There’s no doubt that the pandemic has fundamentally altered the definition of “the workplace.” The adjustment for some companies was slow and not without hiccups, but most were able to adapt fairly quickly to remote work, where possible. And there’s also no doubt that employees have a different outlook on remote work than before. In a Harris poll conducted in May, three fourths of Americans reported they preferred either permanently working remotely or favored a home-office hybrid option once the pandemic ends.
Enterprises should embrace remote work options, where possible. What’s clear is that continuing to attract top talent will require it. And remote work options can have the added benefit of tapping into a larger, more diverse talent pool.
With worsening heat waves, hurricanes, and wildfires plaguing much of the world, the climate crisis is an urgent threat that enterprises must take seriously. For many companies, that means reducing their carbon footprint by doing things like eliminating paper, going all digital, and turning to renewable energy sources to fuel their operations.But some are taking it a step further and considering the carbon footprint of their entire supply chain — and that’s key to having a truly positive impact on CO2 emissions. Raw material providers are increasingly being considered to be part of an enterprise’s carbon footprint both by the public at large and their own customers.

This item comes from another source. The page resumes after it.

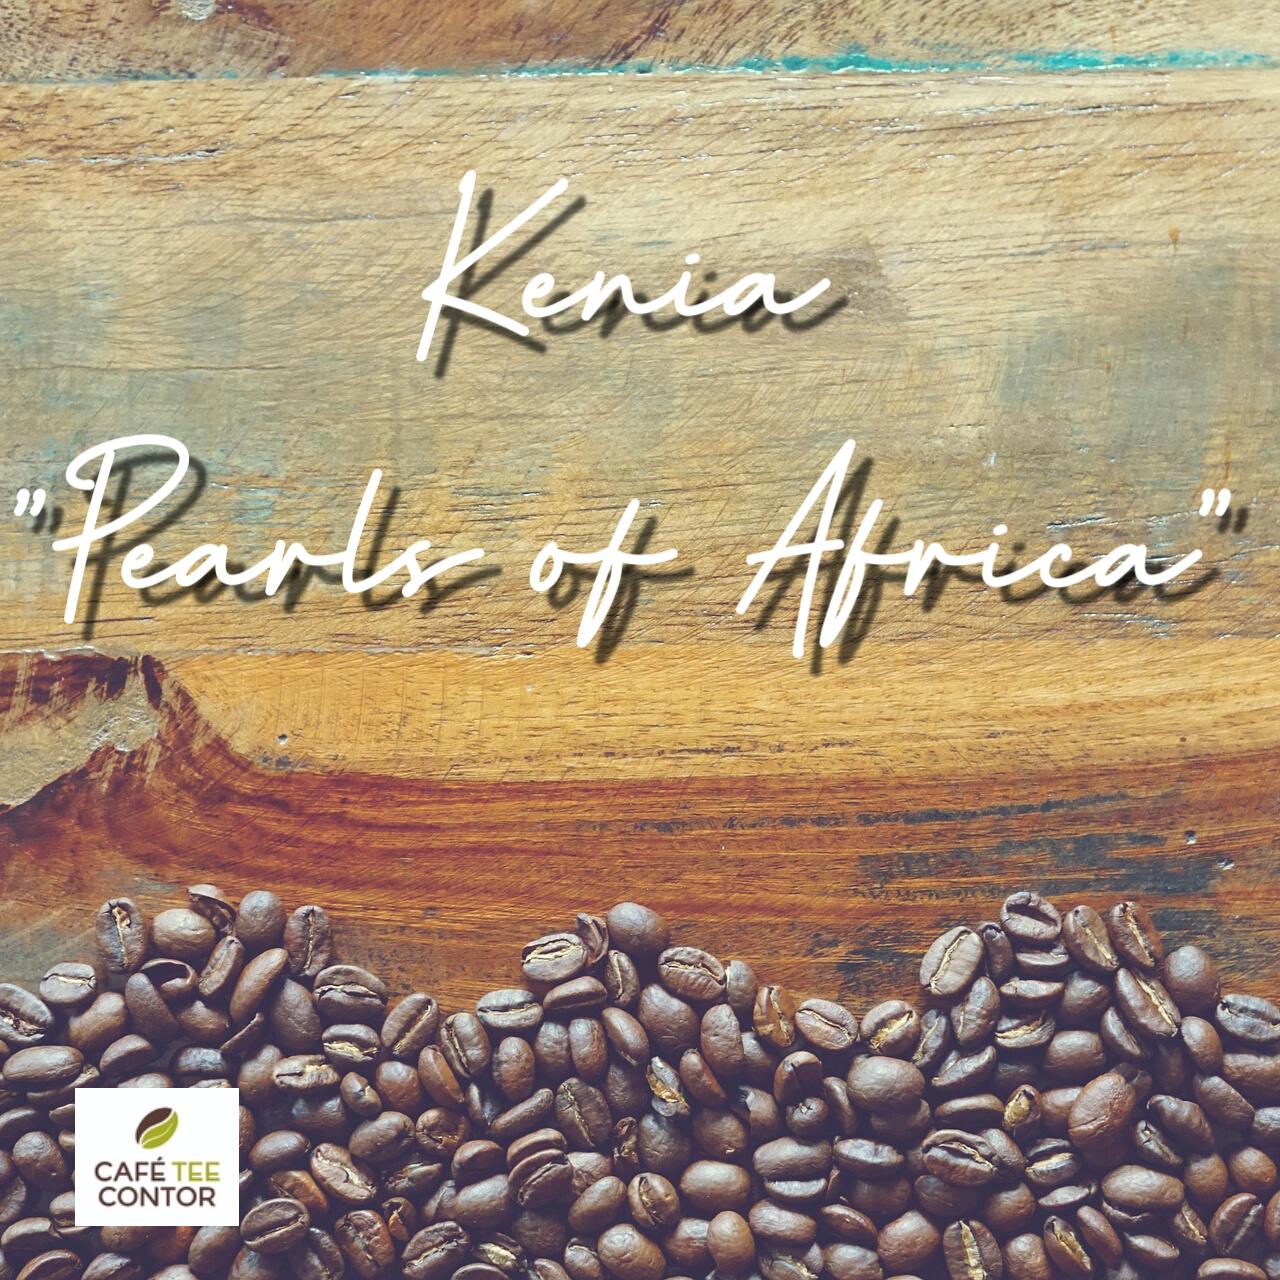 Kaffee Kenia "Pearls of Africa"

Not only are the benefits of reducing your carbon footprint, paper waste and supply chain simplification obvious in combating climate change, but they also makes good business sense. Renewable energy is getting cheaper, and in many parts of the world is more cost-effective than fossil fuels. And beyond just the cost savings, massive investments in growing renewable energies worldwide are driving the energy sector forward.
Fallout from a once-in-a-century health crisis has disrupted global supply chains unlike anything we’ve seen in the last 30 years. Rapidly changing consumer habits, factory shutdowns, and poor collaboration and information sharing upended the system. But out of turmoil arises innovation — and the need to accelerate innovation with tech solutions has never been greater.
That’s why more and more enterprises are turning to low-code / no-code toolsets to deliver digital transformations quickly while reducing costs and driving business value. These toolsets eliminate the need for highly skilled developers to create enterprise-grade mobile applications, rapidly speeding up the development process and allowing for quick deployment into the field. Pandemic disruptions require enterprises to adapt to the changing market conditions faster, and low-code / no-code toolsets will continue to be tools of choice for driving innovation.
While we cannot predict the future, we can reasonably conclude that these trends will continue in 2022. And going forward, enterprises that embrace them and become more digital overall are likely to improve their bottom lines, deliver a positive impact against environmental and climate concerns, and become more competitive as a result.